Hollins Appoints Distinguished Professor of Creative Writing

Hollins Appoints Distinguished Professor of Creative Writing

Academics, Creative Writing, Faculty

October 25, 2014

Hollins Appoints Distinguished Professor of Creative Writing Carrie Brown

Hollins University has named author and professor Carrie Brown as distinguished visiting professor of creative writing. She will join the Hollins faculty in August.

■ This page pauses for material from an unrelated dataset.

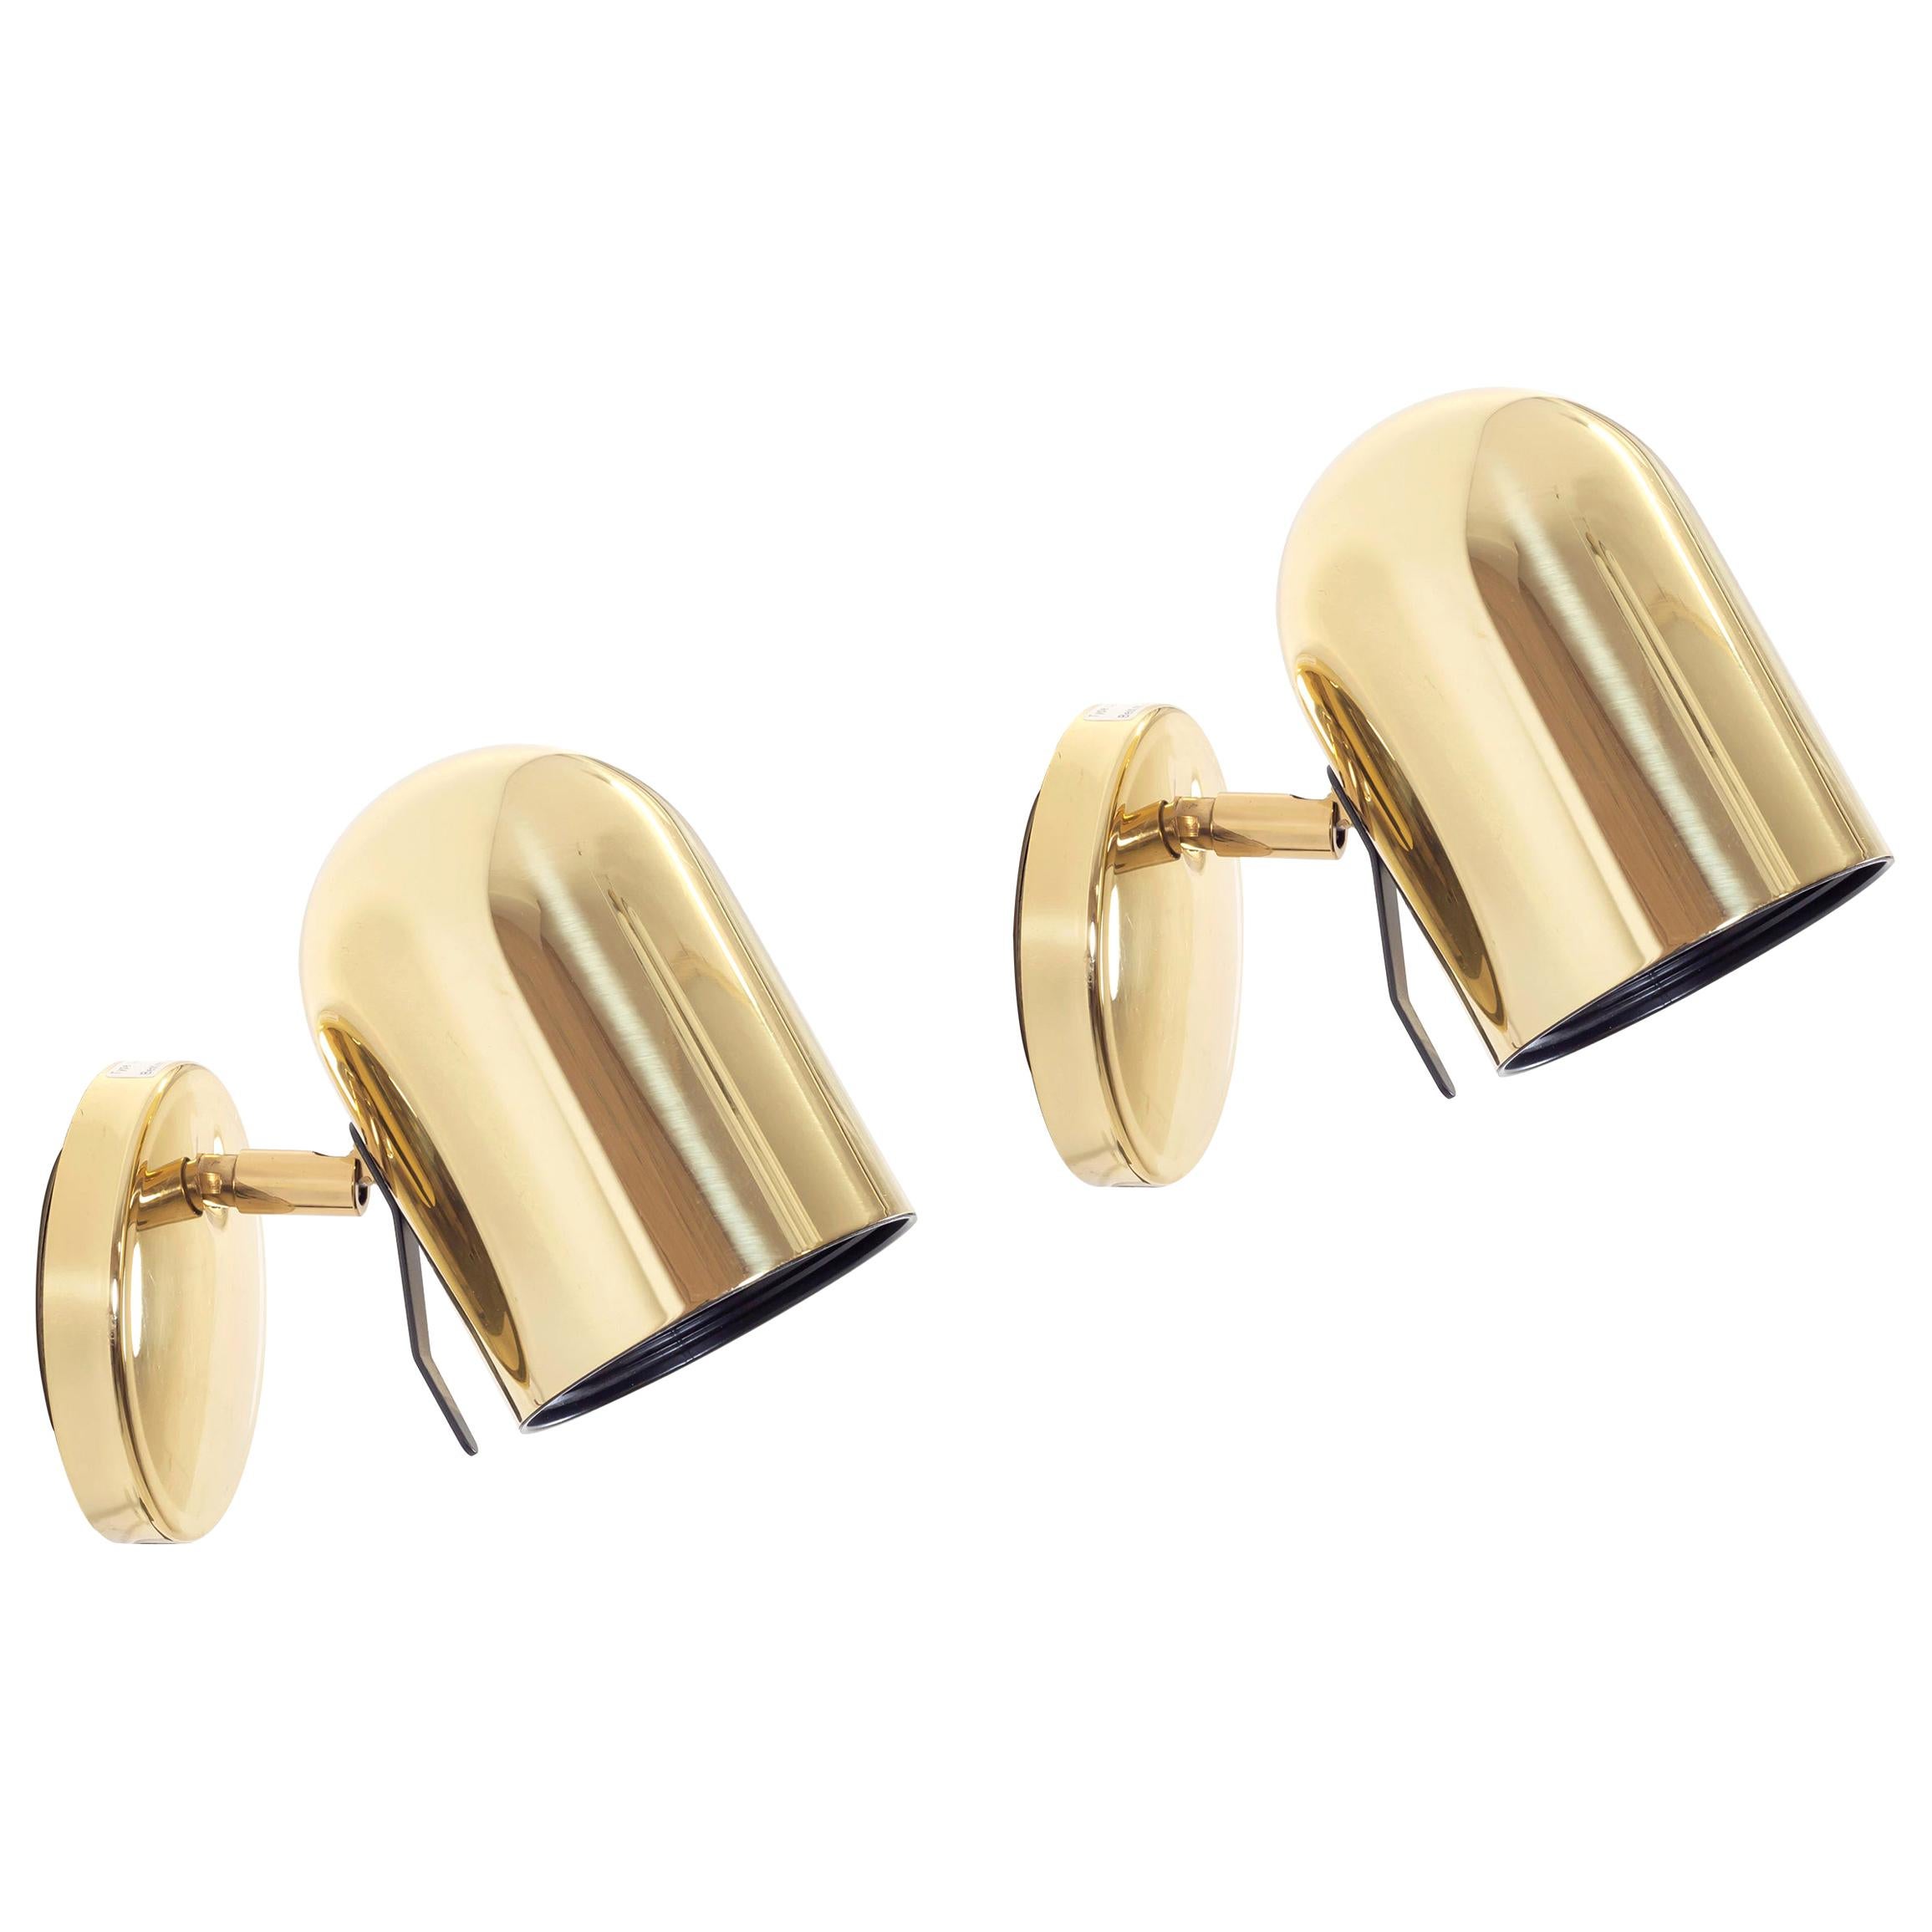 Pair of Scandinavian Wall Lights by Jonas Hidle, Norway, 1970s For Sale

Brown is the author of five novels, including The Rope Walk (Pantheon Books, 2007), Confinement (Algonquin Books, 2004), The Hatbox Baby (Algonquin, 2000), Lamb in Love (Algonquin, 1999), and Rose’s Garden (Algonquin, 1998), and a collection of short stories, The House on Belle Isle (Algonquin, 2002). Her short fiction has appeared in such journals as One Story, Glimmer Train, The Georgia Review, and The Oxford American, and she regularly reviews fiction for major newspapers. Her work has been translated into several languages, and she has read at literary festivals, libraries, bookstores, and colleges and universities across the country.

Brown is a two-time winner of the Library of Virginia Book Award and a past recipient of a National Endowment for the Arts fellowship, the Janet Heidinger Kafka Prize, and the Barnes & Noble Discover Award. In 2009, The Rope Walk was selected by the Iowa Public Library as the “All Iowa Reads” book and as the “Lynchburg, Virginia Reads” book by the Lynchburg Public Library.

Brown earned a master of fine arts in creative writing from the University of Virginia and is currently associate professor of English and Margaret Banister Writer-in-Residence at Sweet Briar College, where she teaches creative writing courses in fiction, poetry, and creative nonfiction. She also serves as coordinator of international programs for the Virginia Center for the Creative Arts, a year-round residential working retreat center for visual artists, writers, and composers.

Brown succeeds David Huddle, who has served as distinguished visiting professor of creative writing at Hollins since 2009. The professorship is a one-year, full-time, renewable position.